To assess where costs might be 12 months from now: let’s carry forward the same 3% density improvement and 7.5% manufacturing improvement that seemed to hold true the last three years; assume increasing mining operations bring down lithium “moderately” to 200,000 CNY/T (versus today of around 300,000); and assume risk-free interest rates come down by 100 bps. I don’t think that package of assumptions leans overly conservative, but I’d be hard pressed to be convinced that they’re aggressive. That puts toll pricing next year right around the $14/kW-month price mark – a near 12% reduction from “today’s” pricing and a price that tilts the scale toward price parity in increasingly more markets. And to project further into the future, we can use ITRPV long-term learning rates and BNEF installation forecasts. BNEF expects installations globally will double (above 2023) by 2025 and again by 2028 – thus achieving a 24% cumulative learning rate twice by 2028. Ignoring any other efficiencies and improvements that may happen in this time, we should expect toll pricing in the range of $13/kW-month by 2025 and $12/kW-month by 2028.
From that perspective, it’s quite comforting to think that an industry that was just about to hit its stride three years ago is getting back on track and might just be gaining its swagger again… and it doesn’t take huge leaps of faith to believe that.
But not if lithium spikes again.
 I use “cost” and “price” interchangeably throughout this paper.

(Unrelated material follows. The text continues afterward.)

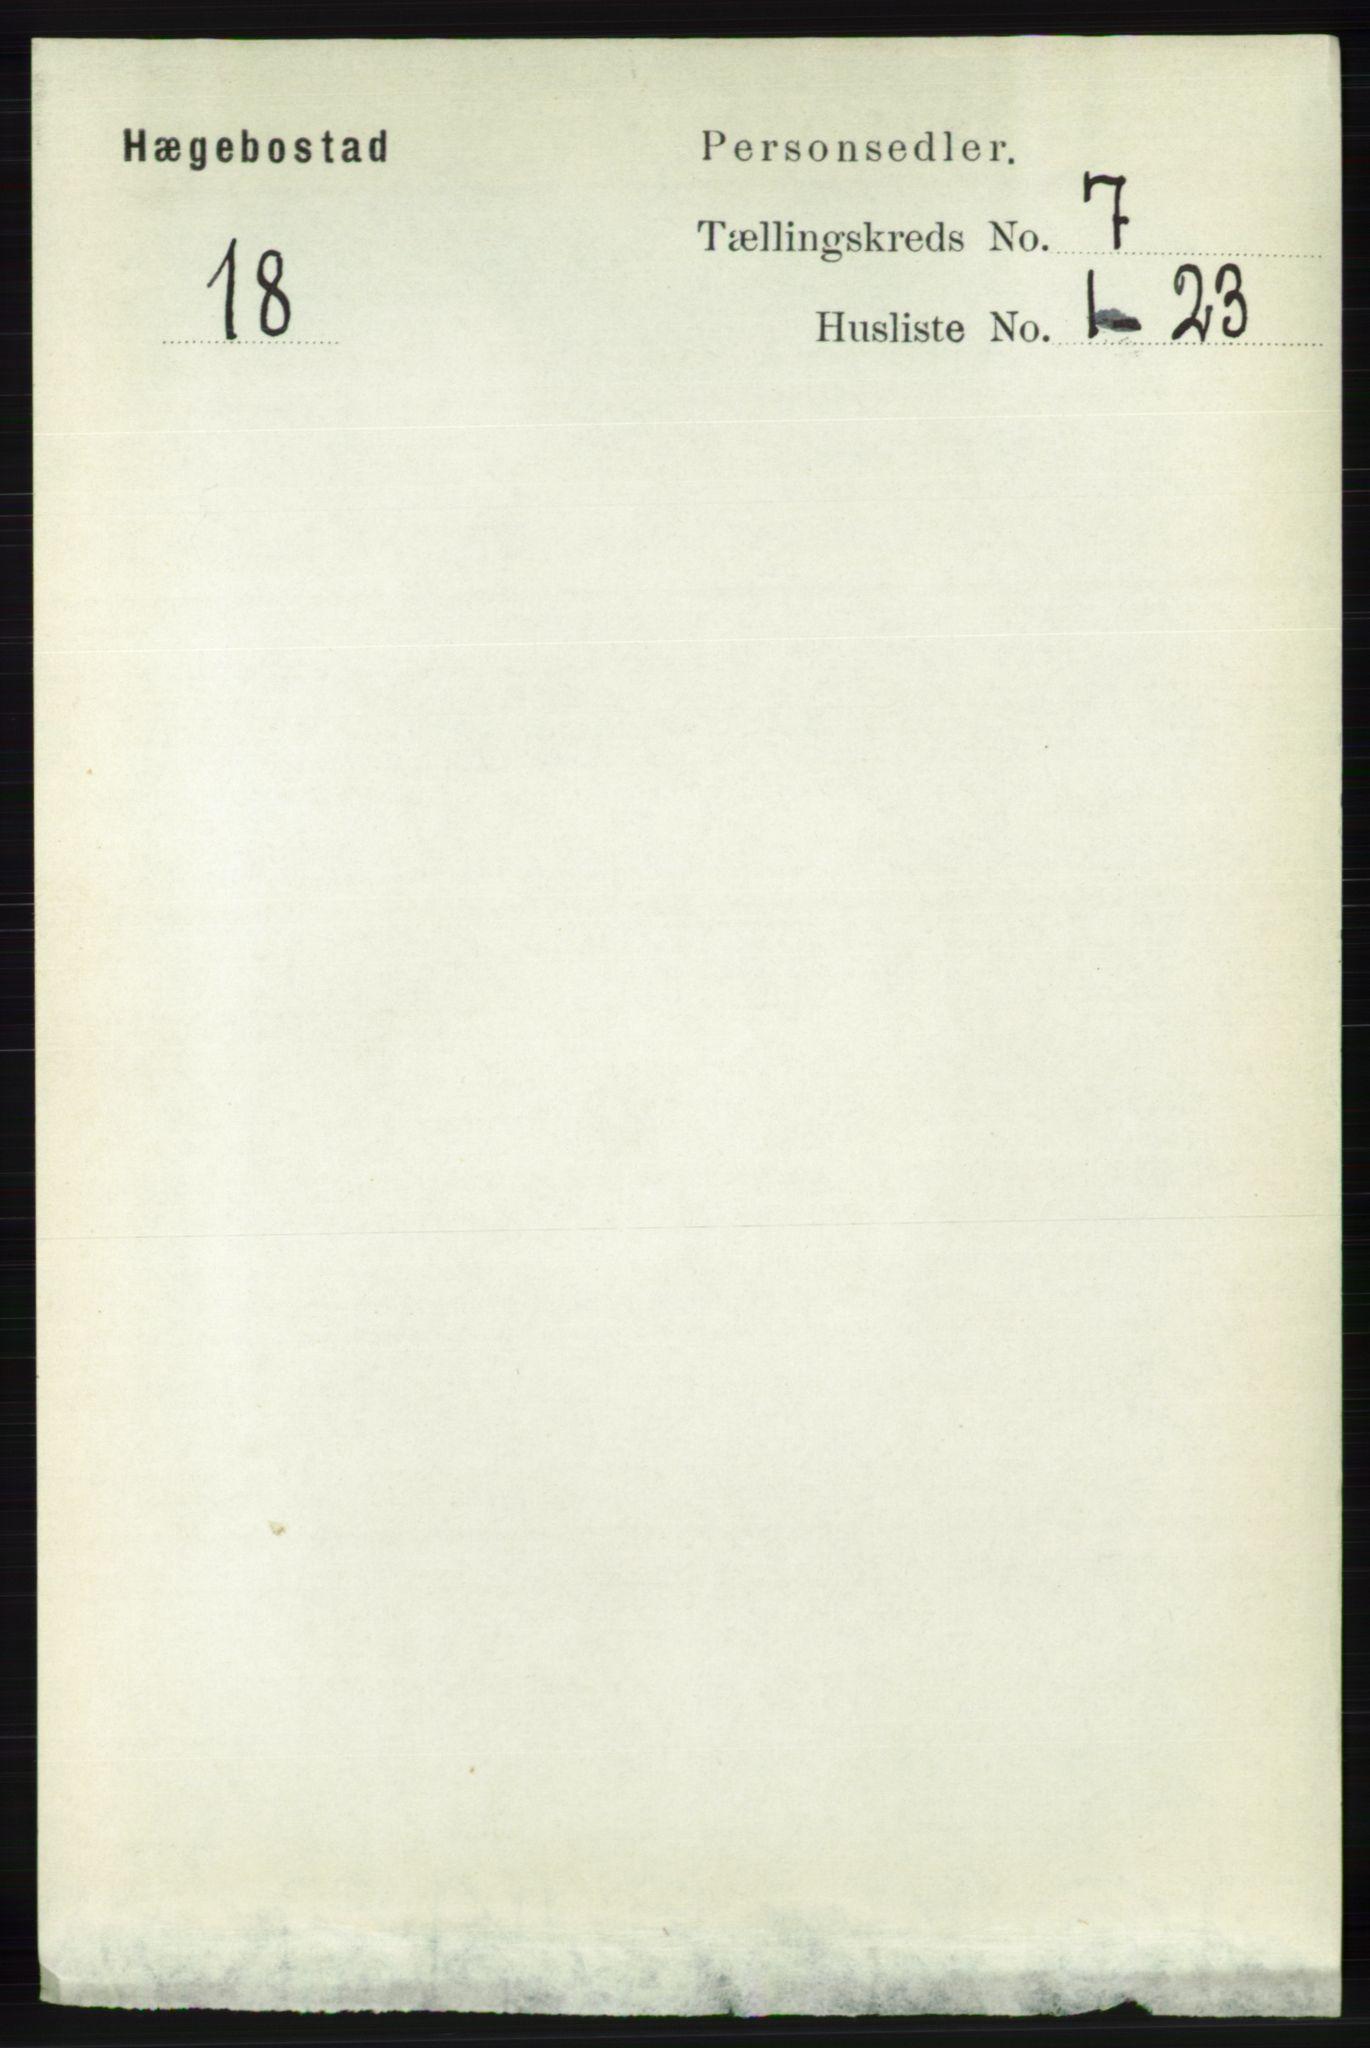 RA, Folketelling 1891 for 1034 Hægebostad herred, 1891, s. 2100

Both are intended to mean the all-in price (including any markups, etc.) paid by a project sponsor to fully procure and construct a storage project.
 I use the term “lithium” and “lithium carbonate” interchangeably in this piece. Both are intended to mean lithium carbonate, the commodity input to an LFP battery that has had the most impact recently to pricing and of which ESS vendors use to index their quotes.
 $/kWh nameplate presents a 110 MW / 450 MWh installed system for a 100 MW / 400 MWh “nameplate” project (a term often interchangeable to the term “usable energy”). So, this takes the cost of a 450 MWh installed system and then divides by the 400 MWh nameplate rating (thus yielding a higher $/kWh price than if it were divided by the actual installed capacity). Storage people always talk past each other with “$/kWh”, so I thought it might help to clarify a bit here.
 International Technology Roadmap for Photovoltaic (ITRPV) Results 2022. Fourteenth Edition, April 2023.
 In fairness, the lion’s share of this effort is dedicated toward reducing costs of EVs – but has the same benefits to energy storage.
 I initially tried to isolate this analysis only to CapEx changes over time (and thus ignore the impact of interest rates)… but clearly, they’re just too significant to ignore entirely. My approach takes a simple “add 250 bps above each applicable SOFR” (or “SOFR + 250”, in project finance parlance). This might be a slight oversimplification – as Dave Riester highlighted in Segue’s most recent paper Clean Energy vs. Recession, there wouldn’t be a perfect 1:1 movement in the applicable project interest rate with a movement in the underlying risk-free rate – but this provides a sufficient proxy for analysis. Plus, it is probably slightly truer for storage than for solar anyhow, given the perceived risk profile of the still-nascent technology as compared to solar.